HotPatching: (VERY) Deep Inside

Michael Chourdakis

4.92/5 (68 votes)

Oct 28, 2015

CPOL

13 min read

69432

533

A ready to be used hotpatching library with five methods!

Project @ GitHub: https://github.com/WindowsNT/hotpatch

Introduction

I have created a game that is so addictive that I cannot afford to let the user quit it in order to update it.
I am already facing several lawsuits regarding this issue and, unless you vote for me now, I won't be able to pay my lawyer.

Not that I care much of course. He is not interested in any money because he will not quit playing my game. But in order to satisfy all of them, I must implement HotPatching techniques in Windows.

And I also have a customer that demands hotpatching, but does not like DLLs. Hey, is hotpatching from yourself even possible? Well, I guess yes.

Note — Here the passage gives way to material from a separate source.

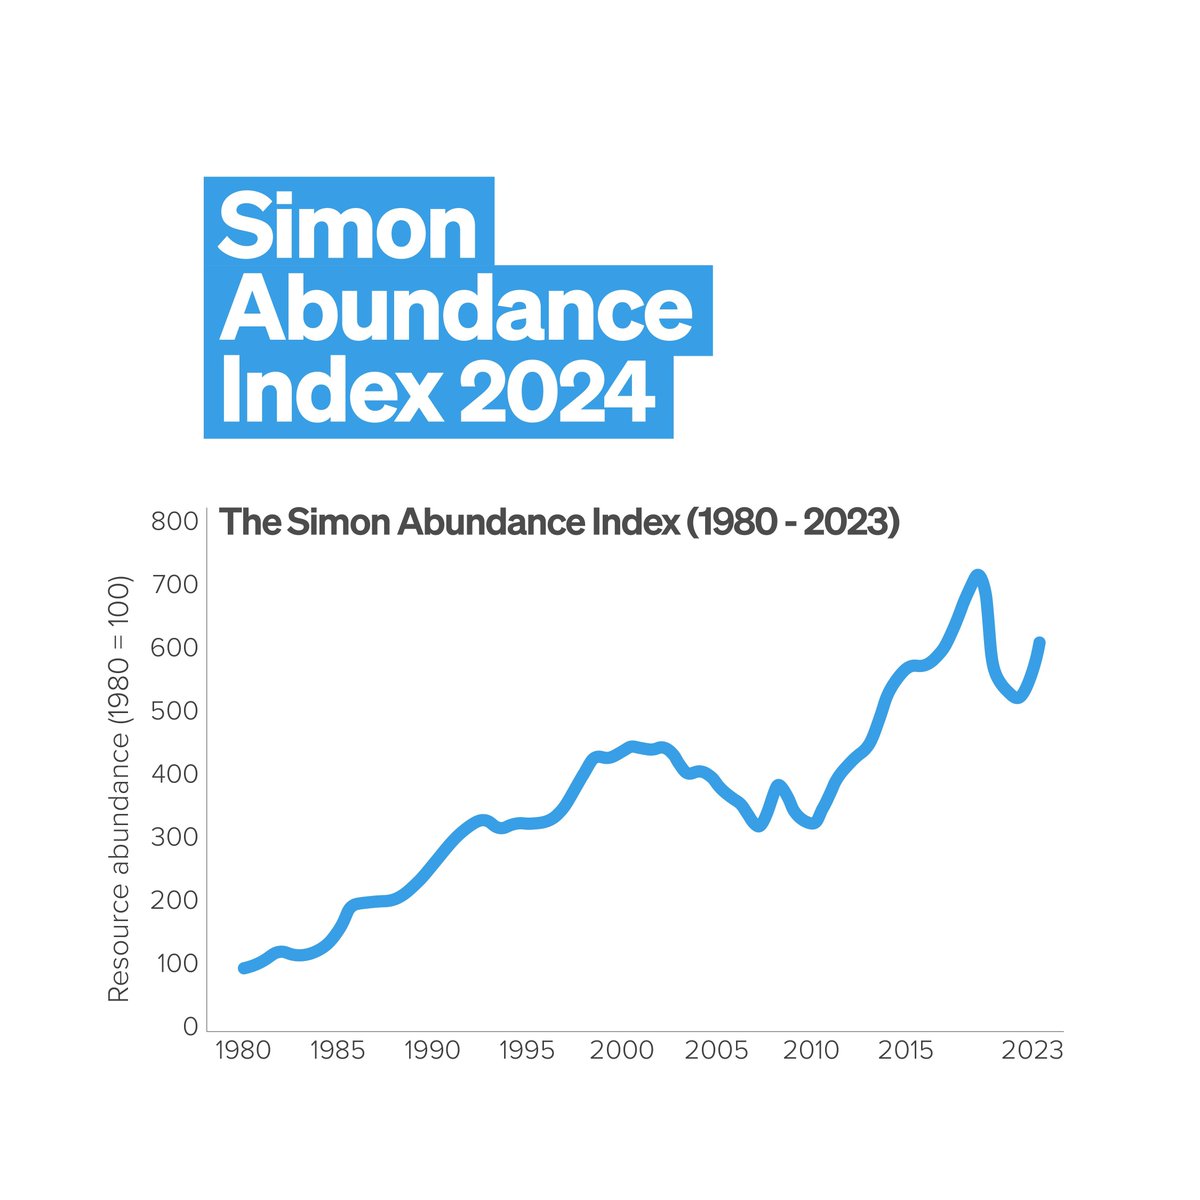 Contrary to Malthusian predictions, population growth does not lead to resource scarcity. Resource abundance is actually increasing faster than the population is growing. #SimonAbundanceIndex Read more: humanprogress.org/the-simon-abun…

Now with cleaned up library (one .h file!) and no administrator needs!

What is Hotpatching?

It's the technique that you update a process without first quitting. To accomplish that, you patch the function calls at runtime. In the most common scenario, you have an executable and some DLLs which contain functions.

Patching would occur if your executable would download another DLL from your server and load it. This DLL then would replace the old functions with the patched ones at runtime.

If you are still here, I will present even more crazy scenarios later on. Keep reading.

The Five Methods

There are five methods of hotpatching:

Loading a DLL to your address space that patches your EXE's functions. This is the safest method.
- Advantages: Safest, Easiest. Work is done in single address space.
- Disadvantages: You need an extra DLL.
Patching your EXE from an updated EXE via COM Interop and some proxy functions.
- Advantages: You don't need an additional DLL
- Disadvantages: Work is done by proxying calls, different address spaces.
Patching your EXE from an updated EXE via Shared Memory and some proxy functions.
- Advantages: You don't need an additional DLL.
- Disadvantages: Work is done by proxying calls, different address spaces.
Patching your EXE by loading an updated EXE in the same address space (!!!) as your EXE.
- Advantages: All work is done within a single EXE and within a single address space.
- Disadvantages: Hackish and often method.
Having your app as a DLL from the beginning
- Advantages: Single file app + patch
- Disadvantages: You need a bootstrap (or a .bat file or a lnk or whatever) for your user to start your app.

The Five Projects

The Visual Studio 2017 solution included contains these items:

The HotPatching library in a form of hotpatch.h, along with my update USM and XML libraries
Five projects that demonstrate hotpatching
An app that can modify a module to include hotpatching information (pig.exe + sources). The projects in the solution do not need it, because a custom build step is specified to do self-preparation. In your projects, you might need it.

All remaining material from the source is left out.